Correct, that is what she is trying to offer me now, 50/50 going forward. As for the money as CS paid in advance, that's non-negotiable according to her. She says that money has already been paid off since I have NOT been giving her CS since Sept-Jan even though I have had him full custody of him since then.
That is what she put in her affidavit.

And I doubt any judge would agree the loan is advance CS or maybe I'm wrong. Doesn't make sense to me.

As for her schedule, sorry to clarify.
She works Monday to Thurday 2-8PM and Saturday/Sunday 12-5PM. Her actual day off is Friday.

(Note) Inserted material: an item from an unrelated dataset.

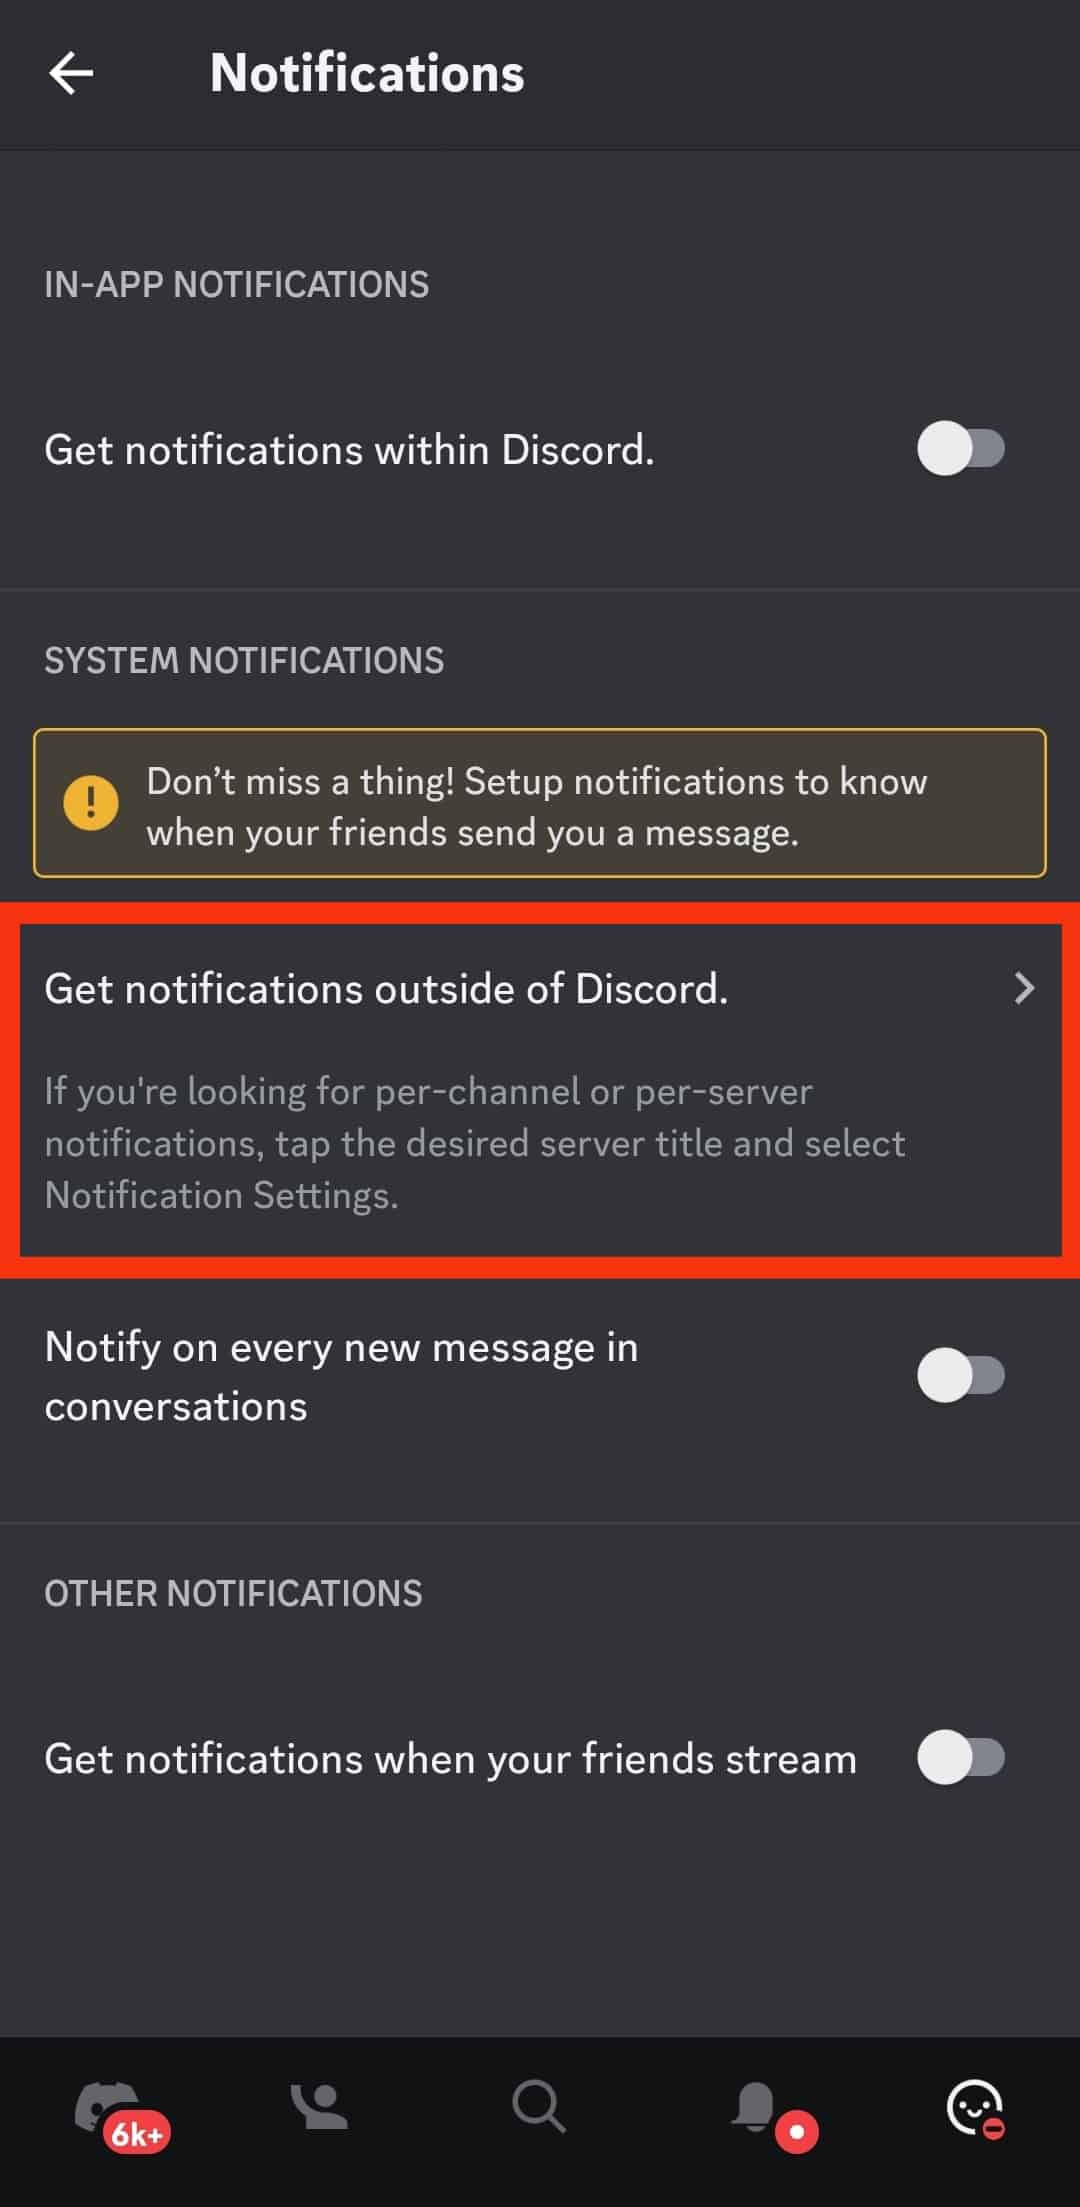 Press The Get Notifications Outside Of Discord Option
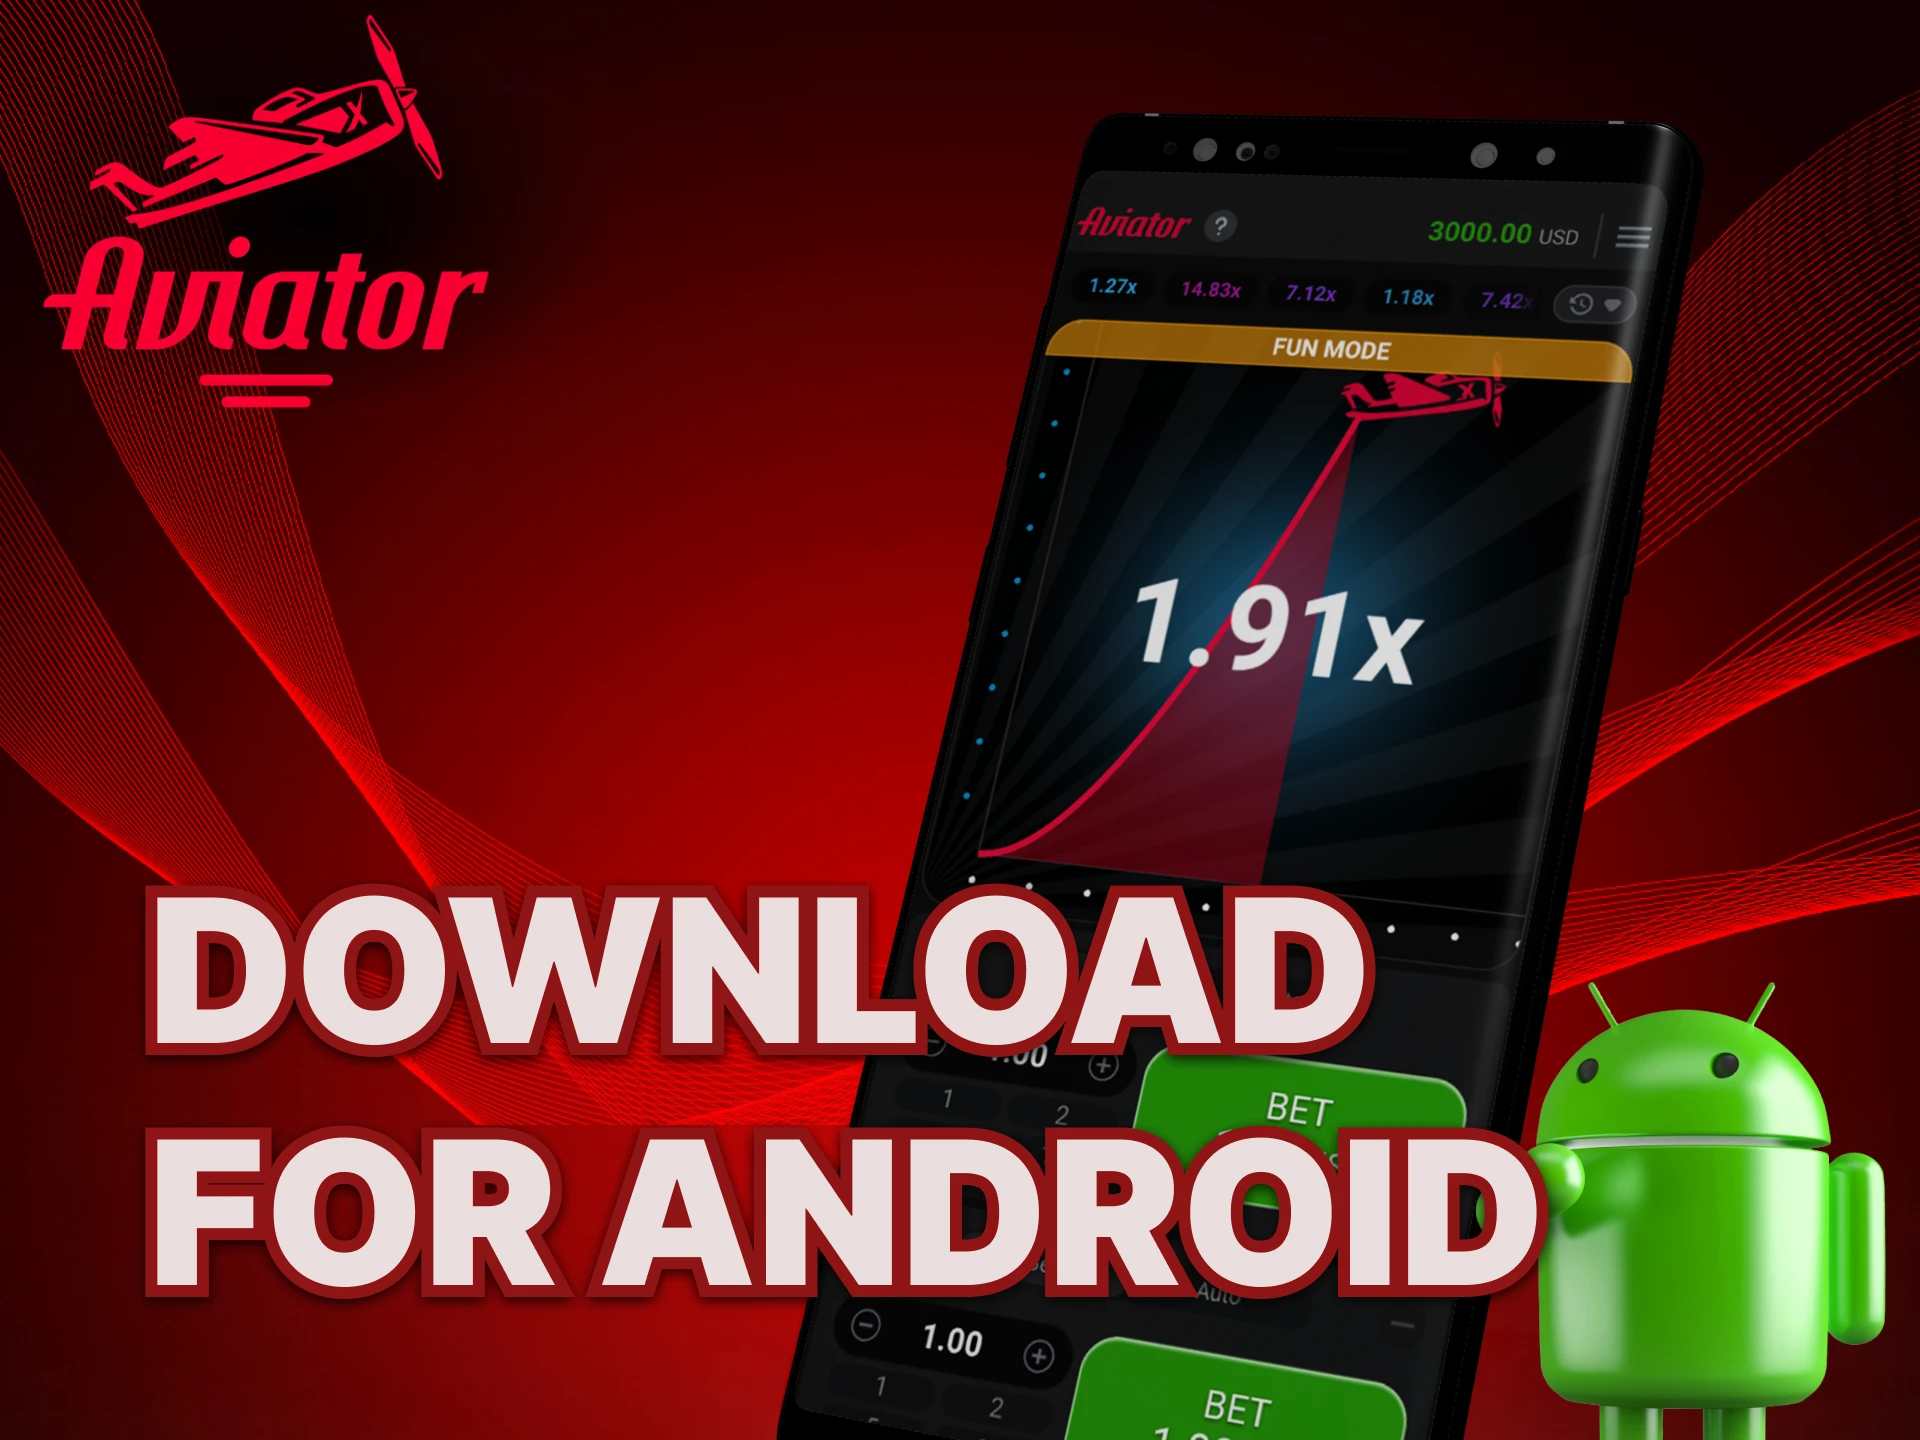 The aviator game has applications for Android phones.

He is in Montesorri fulltime but she she drops him off there at 2PM and I get him at 5:30PM after work. I don't agree with having to drop him off at 8:30PM at her place every other week. We do homework, dinner and bath and then he needs to be in bed by then. Shuffling him for her schedule is not in his best interest. Anyone disagree here?

That is the main point my lawyer is arguing on, that she can't physically do week on week off because you have him those times already when she is working since she started her job.

The main thing is I want to continue with primary residence with me for his schedule and stability.

What do you think my chances are of keeping it as it is and are my reasons valid?

As a funny aside, since life shouldn't be all serious. It was serious at the time but funny now. A week after it got signed by the judge and filed to law clerk. She calls me and tells me I used the wrong from, "change consent order" and not "consent order". Therefore, the old order stands and she has full custody. As well, she will be filing assault charges on me to lock in the full custody.

I came to the court house, asked if the old order stands, clerk says no, the order you have is valid, mentioned what happened, he laughed and said this isn't Law and Order, the judge signed it! and if you are worried, he took the original document, put in "change" in front of consent order, stamped it and said give it to her. And btw, you can serve her as well documents to file for child support! Course I never used them.

Needless to say, the assault charges were never filed. I think she is waiting for the upper hand and she will file them.
Quote:
Originally Posted by Rioe View Post
As for her schedule, that sucks too but it is her problem. Try for a 2-2-5 schedule, that puts the child with her on her W-T days off. Maybe you can also slip a Right of First Refusal into the new agreement that puts your son with you while she's working on her weekend, instead of in a daycare.

Or, you could try to rely on a four month status quo of you having full custody and argue that it's not in the child's best interests to change it back.